Wake Forest Professor of the Humanities and founding director of the Program in African American Studies Corey D. B. Walker said, “We are delighted to have Shanna join our intellectual community. Not only is she one of the nation’s leading scholars in African American literary studies, she has a profound commitment to teaching and mentoring undergraduate students and is dedicated to building a signature African American studies intellectual community at Wake Forest.”

Benjamin is equally excited to come to Wake Forest. “I’m simply over the moon about joining the Wake Forest University faculty and have found myself especially energized by the synergy between my professional commitments—outstanding college teaching, deep student engagement, and inclusive modes of learning—and Wake Forest’s teacher-scholar ideal.
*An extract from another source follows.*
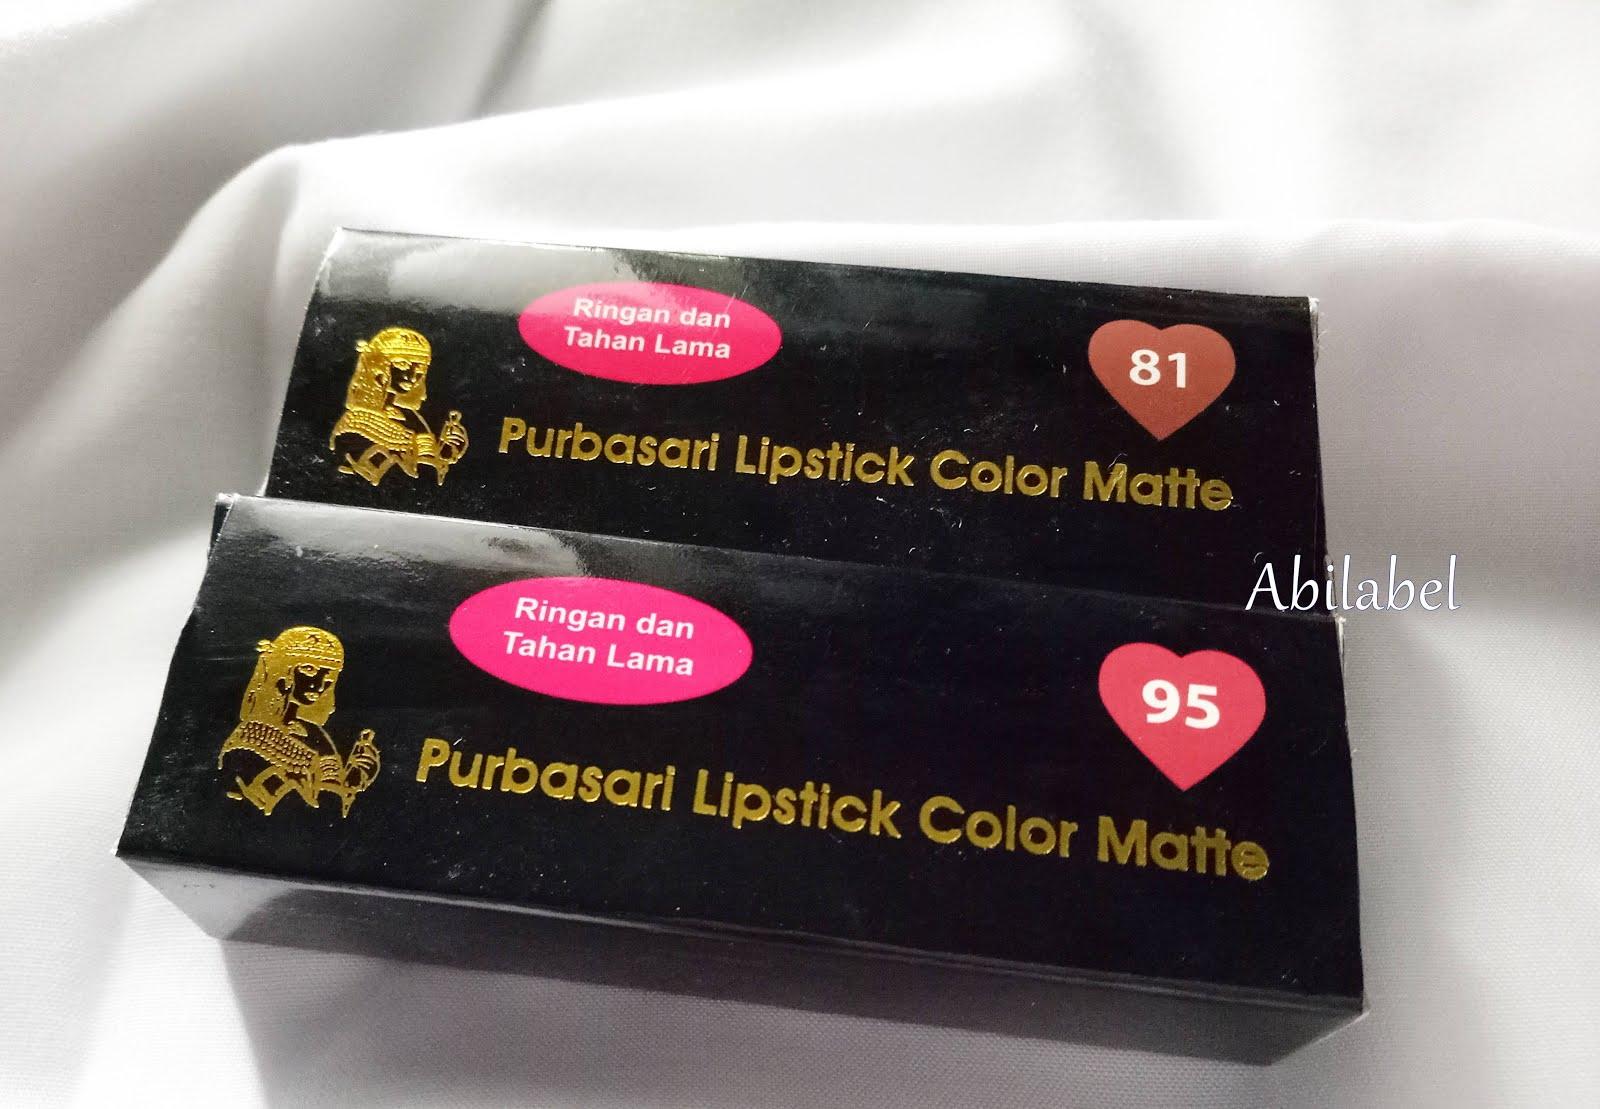 Abilabel Review Purbasari Lipstick Color Matte Lipstik Collor Jadi Mindset I Hate Make Up Itu Harus Hilang Dalam Kehidupan Aku Lol Oke Langsung Aja Ke Penampakannya Kebetulan Beli 2
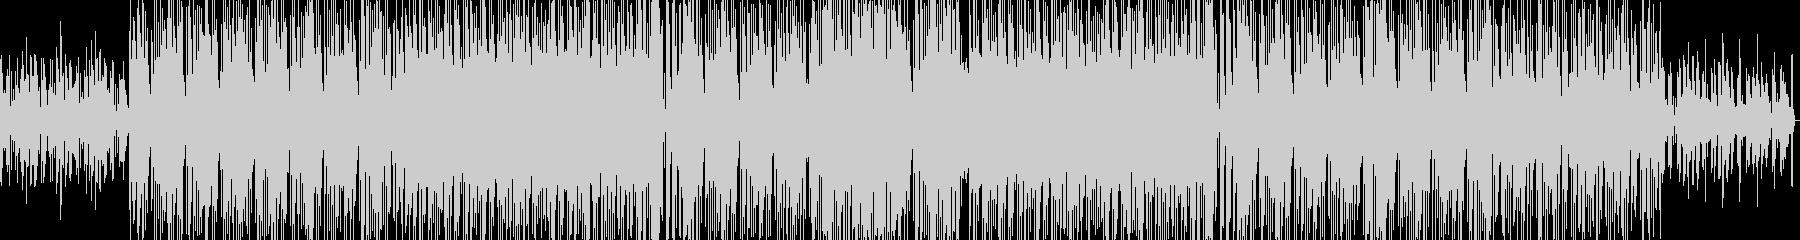 ヒップホップ・ファンキーソウルの未再生の波形

African American Studies at Wake Forest is emerging as a premier thought center, and I’m eager to add my expertise in Black literature and culture, and experience building programs that foster belonging and cultivate student research, to this burgeoning center for the study of Black life.”

“In my teaching, advising, and mentoring, I look for the light in my students, and pay particular attention to the things that make each one unique,” said Benjamin who received an award for excellence in her support of students and student affairs at Grinnell College. “I’m excited to work with Wake Forest students in a way that makes them feel seen and supported as they develop their intellectual and personal gifts in living our Pro Humanitate ideal.”